# 1970 wagon parts?



## RatWagon (Jun 9, 2016)

So I just picked up a 1970 lemans wagon. thing is real solid and it's a complete roller (besides front bumper and header panel). I paid $500 for the ol girl. i just plan to go through the brakes and suspension and drive it on the road as it looks. I have a cracked tail light and cannot find ANY wagon parts online. Anyone know where i can find parts for this thing? I mean, it's pretty ugly, for now i can put red tape over the lense and send it. I will try to post pics of the car tomorrow.


----------



## PontiacJim (Dec 29, 2012)

RatWagon said:


> So I just picked up a 1970 lemans wagon. thing is real solid and it's a complete roller (besides front bumper and header panel). I paid $500 for the ol girl. i just plan to go through the brakes and suspension and drive it on the road as it looks. I have a cracked tail light and cannot find ANY wagon parts online. Anyone know where i can find parts for this thing? I mean, it's pretty ugly, for now i can put red tape over the lense and send it. I will try to post pics of the car tomorrow.


That's going to be a tough one. Try Frank's Pontiac at Frank's Pontiac Parts I would email him as he may be able to provide a source if he doesn't have it.

Other place, place an ad in Hemmings. Join the POIC club which is strictly for Pontiacs where you can also place a want ad.

Other options are hit every swap meet within a 250 mile radius of your home as they often have vendors selling NOS taillight lenses.

Another option, - go custom if th car doesn't have to be original.


----------



## RatWagon (Jun 9, 2016)

thanks.. yeah car does not need to be original whatsoever. I poured some mystery oil in the cylinders last night in hopes of freeing up the engine. I decided to look over the whole car a little better. inside is a bunch of random parts, and I came across a mint tail light housing! I hooked up power and tested everything, looks like all but the blower motor work. not bad considering it has sat for 24 years lol. i'll try joining that club and we have a really good swap meet an hour from my house once a month


----------



## Pinion head (Jan 3, 2015)

Taillight lenses for the '70-72 LeMans wagon are *extremely* hard to find. Have been for the last 15 years. As a longtime restorer/collector/vendor that travels and still boneyards, and am hardcore into '70-72's, can relate there are a few '70-72 wagons still out there in the country yards that rarely crush. Their tail light lenses were typically the first pieces to be sold. Personally have pulled and sold nearly a dozen singles over the years, most were pulled in the mid '80's-late 90's. Have been fortunate to get into several old dealership parts buyouts, such large '60's-70's dealership parts stock deals are near non existant anymore. Having worked hundreds iof swap meets including POCI & GTOAA Nat's, many times, along with monster meets like Spring Carlisle, the old Pate, seriously doubt such NOS lenses will appear at any local swappers. 

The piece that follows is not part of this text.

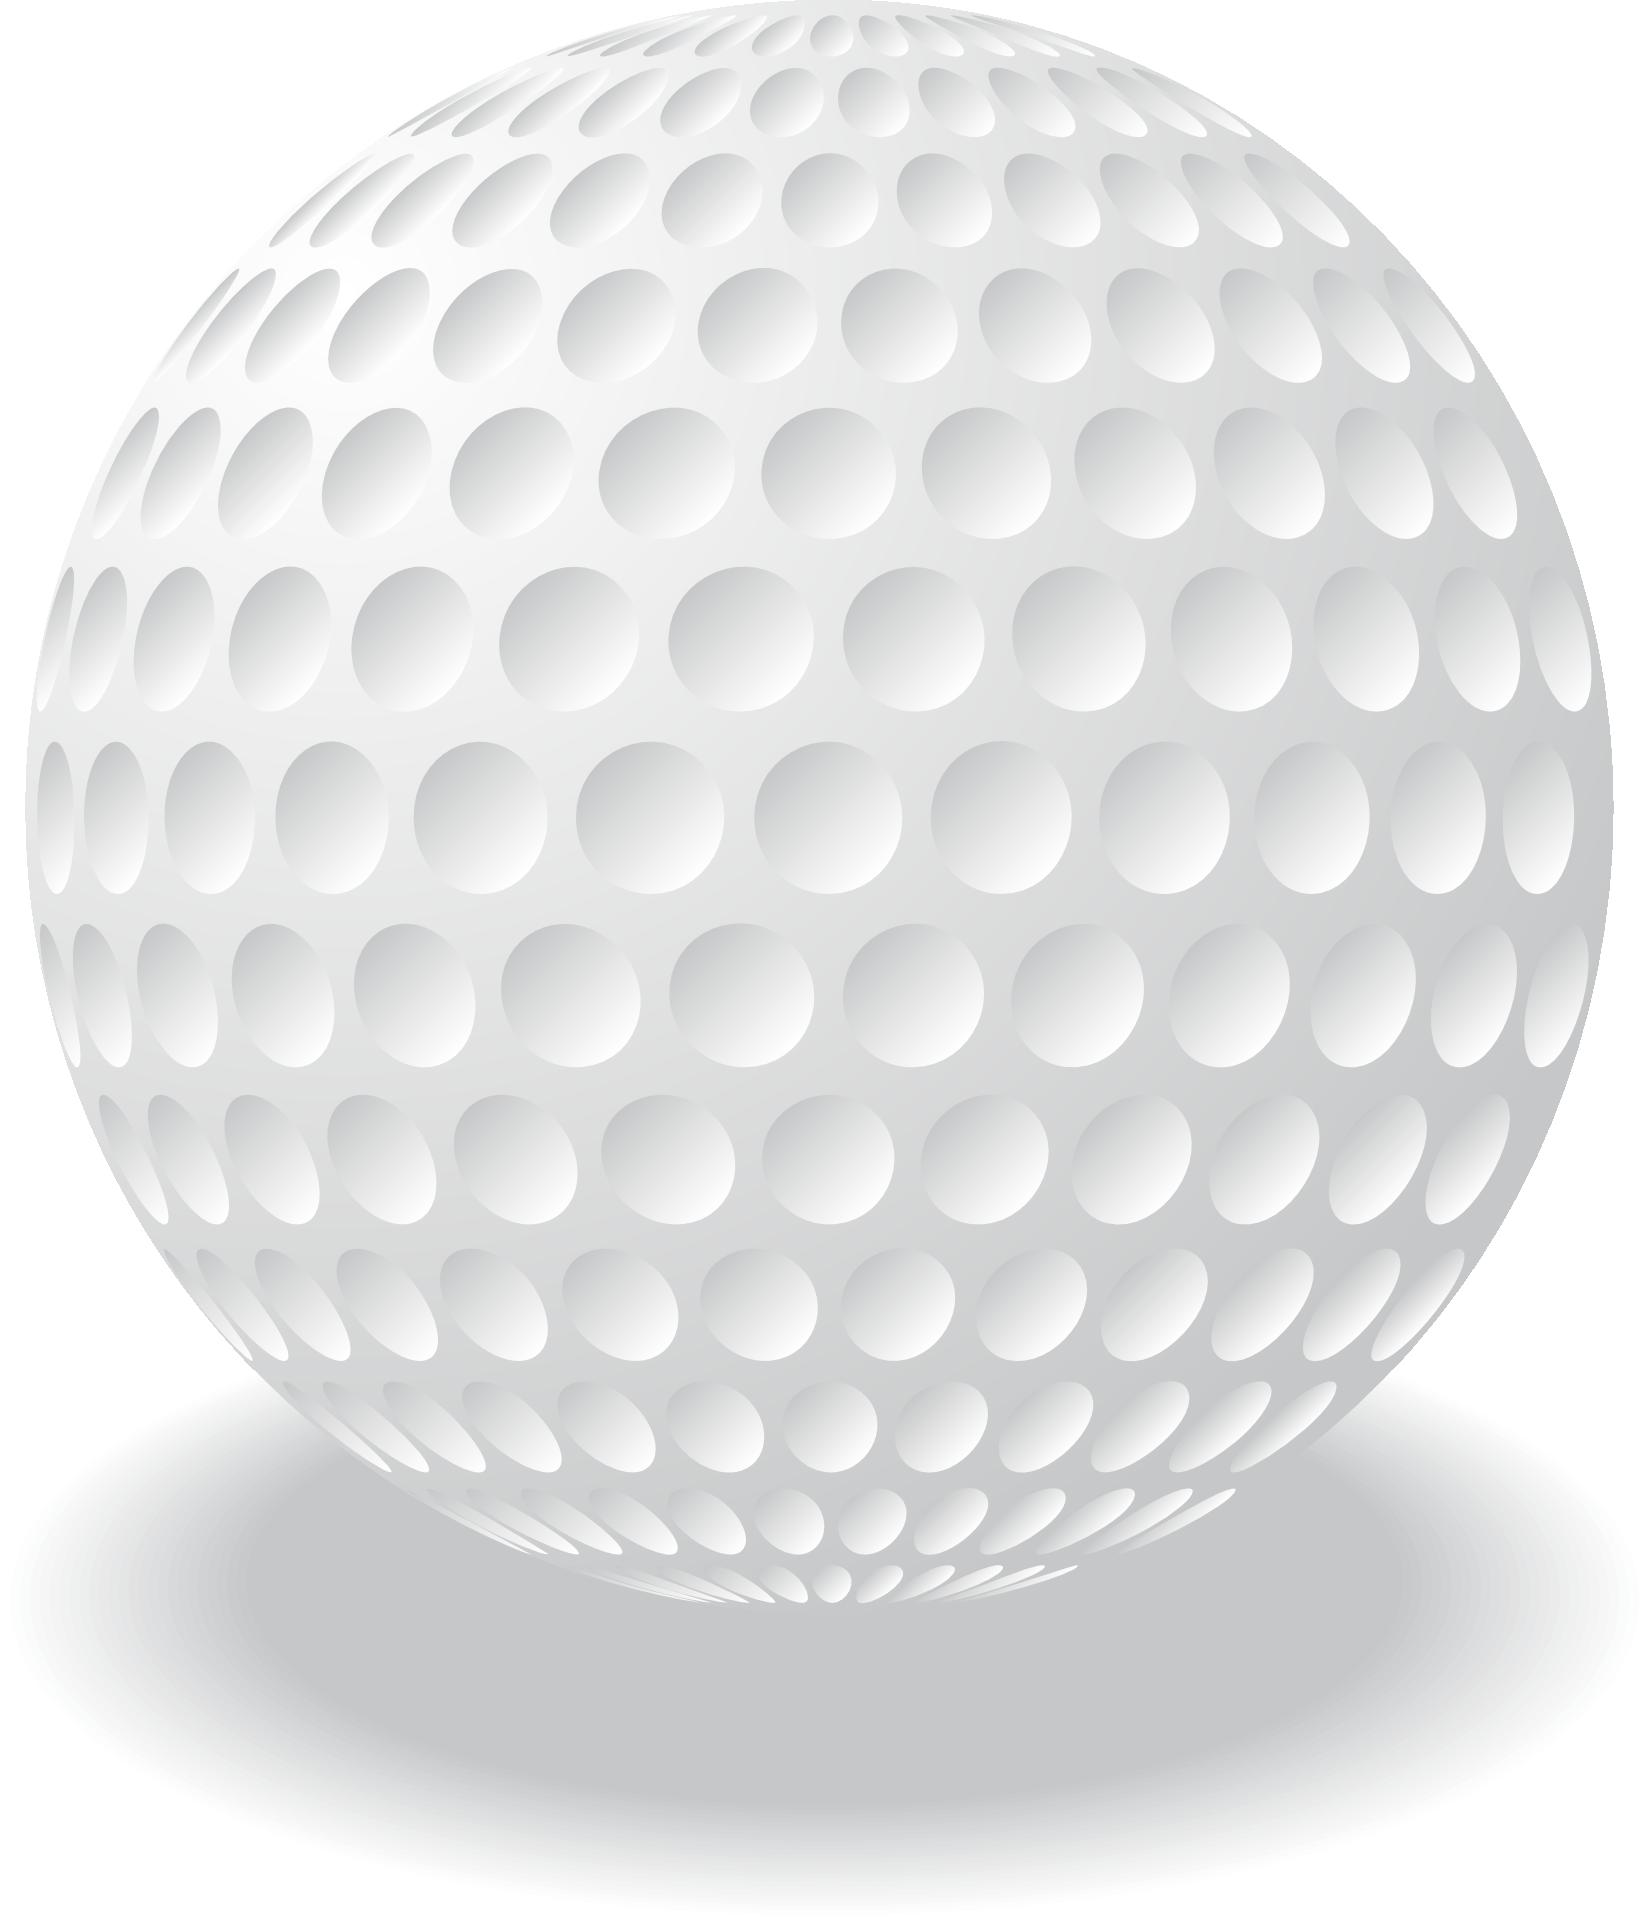 White Golf Ball Vecto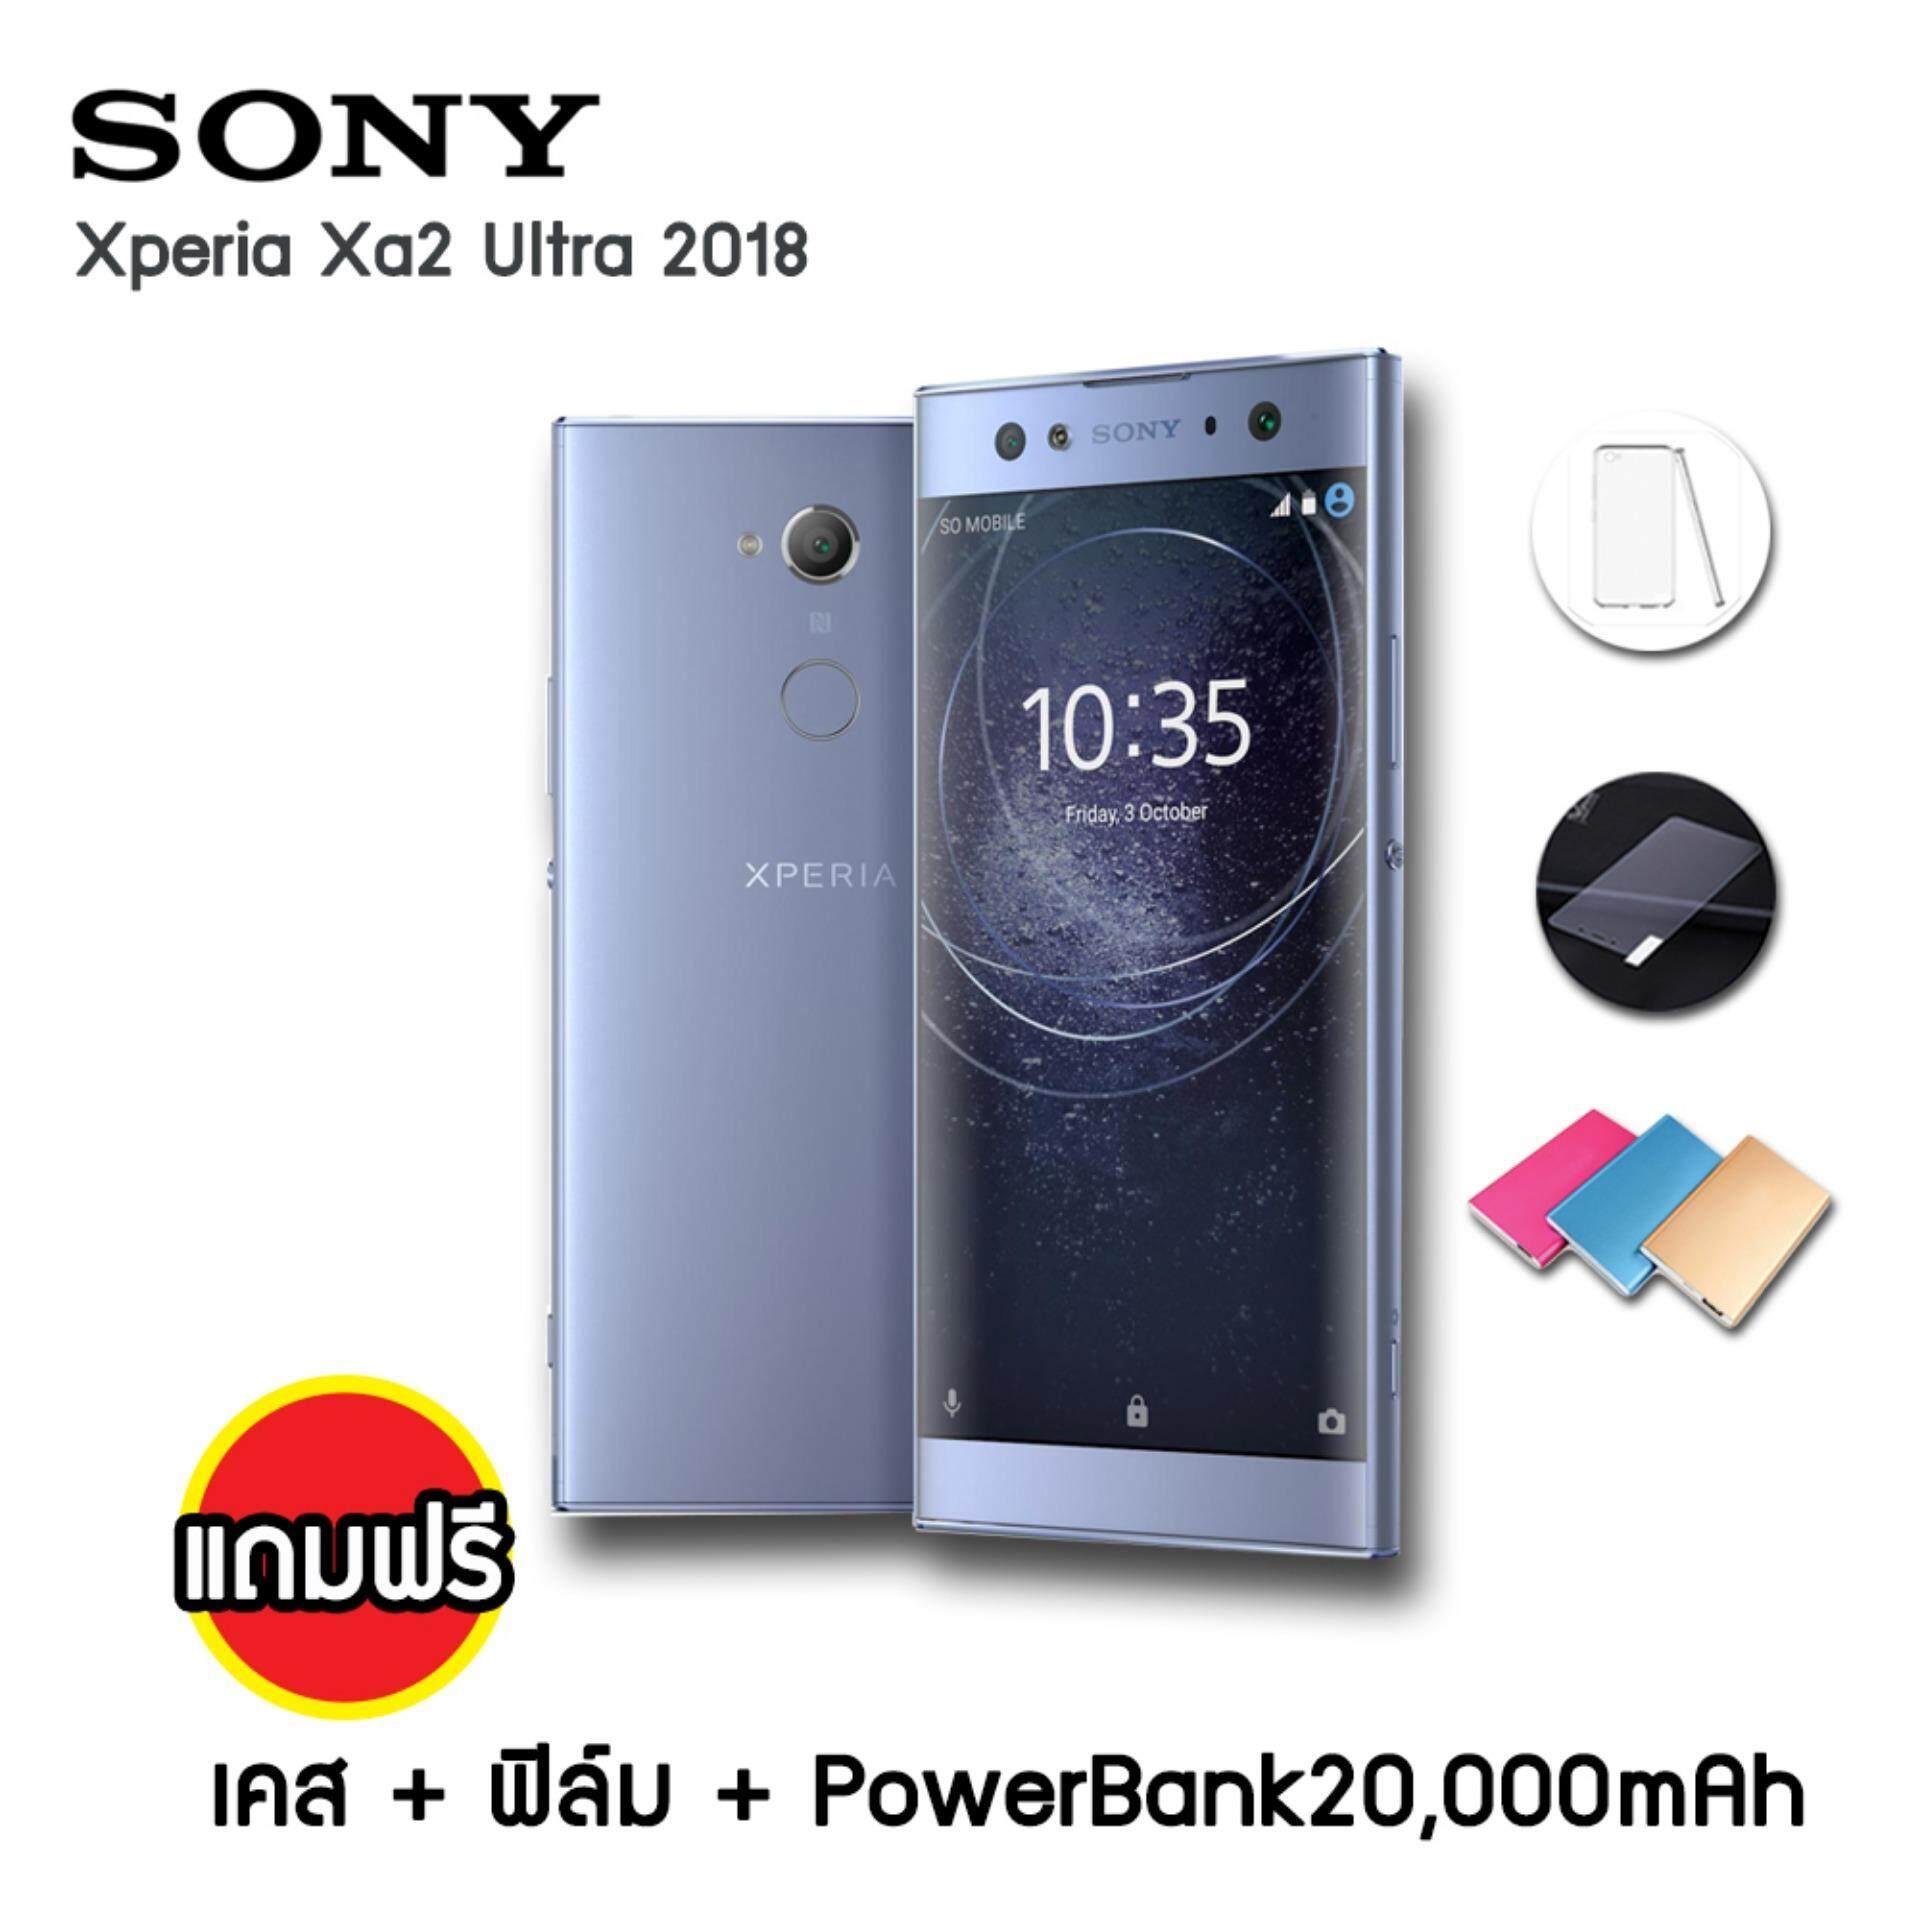 ขาย ซื้อ ออนไลน์ Sony Xperia Xa2 Ultra 2018 4 64Gb แถม เคส ฟิล์ม Powerbank20 000Mah

As Jim mentioned, you're better off subscribing to POCI Smoke and running a want ad. Would also join the Performance Years forum (max performance) and run a wanted ad. The PY forum has a mass readership. If near OH in early August, it would be worth walking the swap meet at Norwalk and striking up a repoire with, and leaving a card with many of the more organized swapper vendors. Dont be surprised to be asked $75-100 apiece on used lenses. Good luck with your search!


----------



## ALKYGTO (Mar 29, 2010)

http://www.taillightking.com/

Not sure if this helps but he has quite a selection. Got an NOS dome lense for my 1961 Oldsmobile from him.


----------



## RatWagon (Jun 9, 2016)

well I failed to free up the ol Pontiac block. looks like she's getting the LS treatment. I have an lq4 6.0 I am planning to freshen up with a nice cam and some headwork and i'll toss that in. I was tossing around the idea of dropping in my 8.1 I have sitting around but the 6.0 should suffice


----------